Japanese-Answer 13B 8bit
Instruction-tuned and Preference-optimized Japanese LLM based on LLM-JP-3 13B pre-trained model, quantized to 8bit (EXL2) using ExLlamaV2. Trained on a mix of Japanese instruction and preference datasets.
Benchmarks
ELYZA-tasks-100
Model | Avg. Score (1–5) |
---|---|
This Model (13B 8bit, SFT+PO) | 3.69 |
- Score is based on automatic evaluation with GPT-3.5-Turbo.
- Task set is based on ELYZA-tasks-100.
Japanese MT-Bench
coding | extraction | humanities | math | reasoning | roleplay | stem | writing | Avg. (1-10) |
---|---|---|---|---|---|---|---|---|
3.20 | 7.05 | 9.60 | 3.00 | 6.00 | 6.90 | 8.65 | 7.15 | 6.44 |
- Average score: 6.44 / 10
- Evaluated using GPT-4 as the judge (single-answer grading mode).

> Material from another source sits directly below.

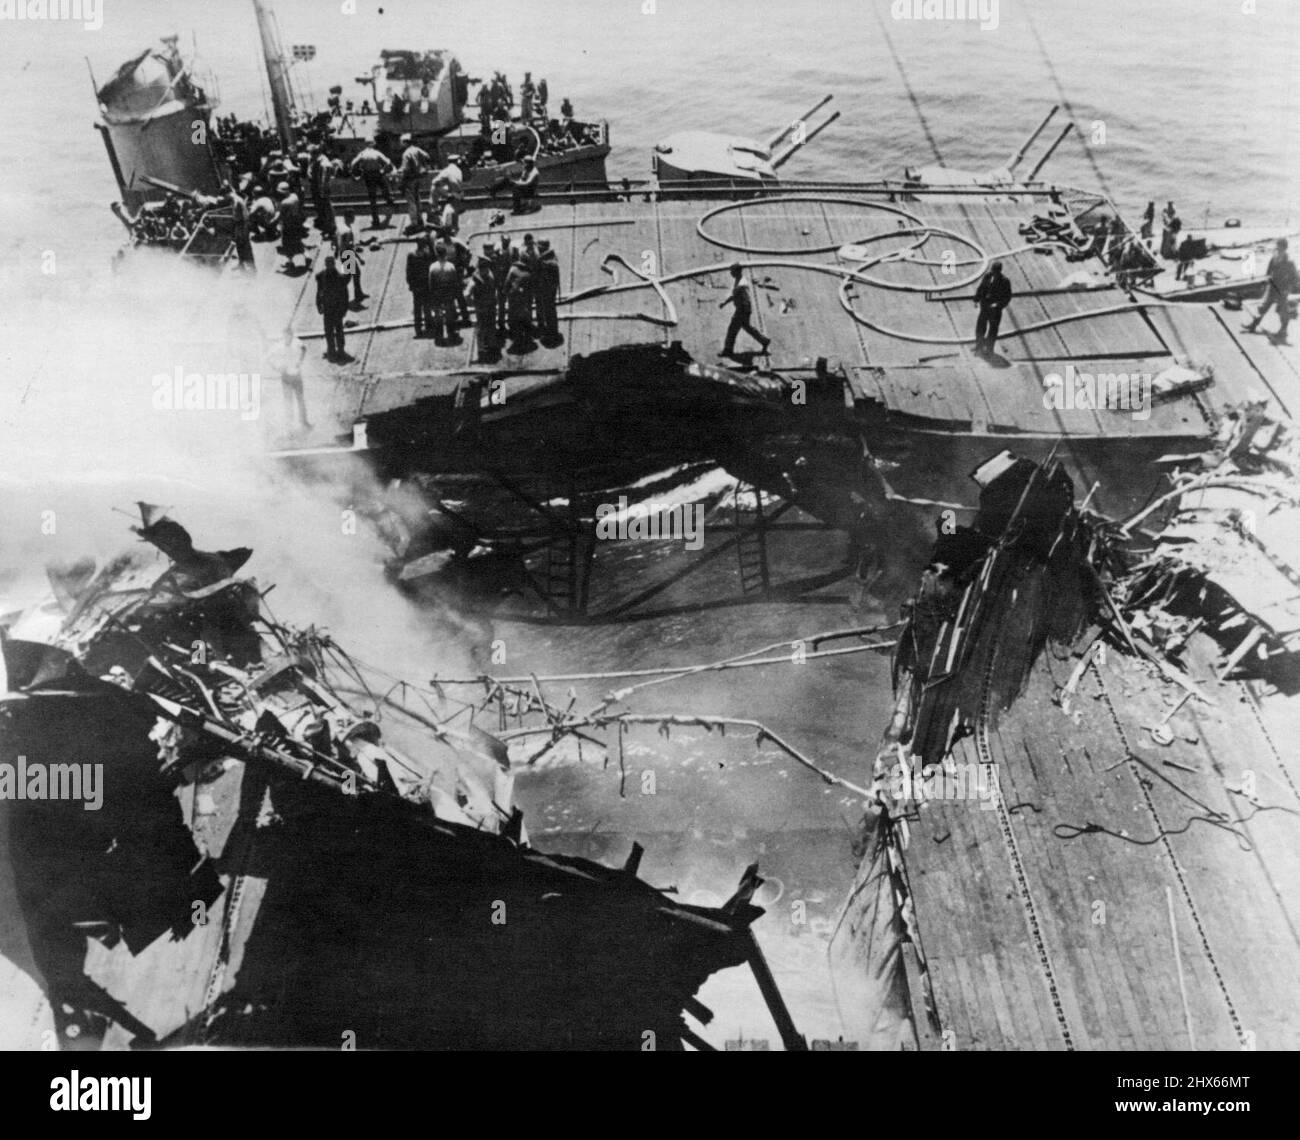 Une bombe de 500 kg, lancée par l'un des avions suicides avant qu'elle ne s'écrase sur le pont de vol, a frappé près de l'ascenseur situé au bord du pont et a pénétré dans la salle de préparation d'un pilote ci-dessous. La fumée continue de s'élever du trou béant laissé par la bombe qui a tué plusieurs pilotes du navire. 21 juin 1945. (Photo d'ACME). Banque D'Images

- Based on the official Japanese MT-Bench.
What's special
- Based on llm-jp/llm-jp-3-13b (pre-trained model).
- SFT + Preference Optimization (PO) applied.
- Quantized using ExLlamaV2 to EXL2 8.0bpw.
- Focused on practical improvements in Japanese instruction-following and QA.
Usage
This model is compatible with ExLlamaV2 for fast inference on quantized models (EXL2 format). Below is a minimal guide to install, download, and run inference using ExLlamaV2.
0. Hardware Requirements
This model is quantized in EXL2 format and optimized for ExLlamaV2 to enable fast, memory-efficient inference. However, it requires an NVIDIA GPU with Ampere architecture or newer, due to reliance on FlashAttention and low-bit optimizations. Supported GPUs include:
- Ampere: A100, A10, RTX 30 series
- Ada Lovelace: L4
- Hopper: H100
GPUs like T4 or V100 are not supported, and attempting to use this model on such GPUs may result in runtime errors due to FlashAttention incompatibility.
1. Installation
git clone -b v0.2.6 https://github.com/turboderp/exllamav2.git
git clone https://huggingface.co/spaces/tokutsu/exllamav2_patch
cd exllamav2
patch -p1 < ../exllamav2_patch/hf.py.patch # to support unigram tokenizer
pip install -r requirements.txt
pip install .
2. Download the model
pip install huggingface_hub
huggingface-cli download tokutsu/japanese-answer-13b-8bit \
--local-dir ./model --include "*.safetensors" "*.json" "*.txt"
3. Inference
from exllamav2 import ExLlamaV2, ExLlamaV2Cache, ExLlamaV2Config, ExLlamaV2Tokenizer
from exllamav2.generator import ExLlamaV2DynamicGenerator, ExLlamaV2Sampler
# Load model
model_path = "./model"
config = ExLlamaV2Config(model_path)
model = ExLlamaV2(config)
tokenizer = ExLlamaV2Tokenizer(config)
cache = ExLlamaV2Cache(model, lazy=True)
model.load_autosplit(cache)
# Setup generator
generator = ExLlamaV2DynamicGenerator(model=model, tokenizer=tokenizer, cache=cache)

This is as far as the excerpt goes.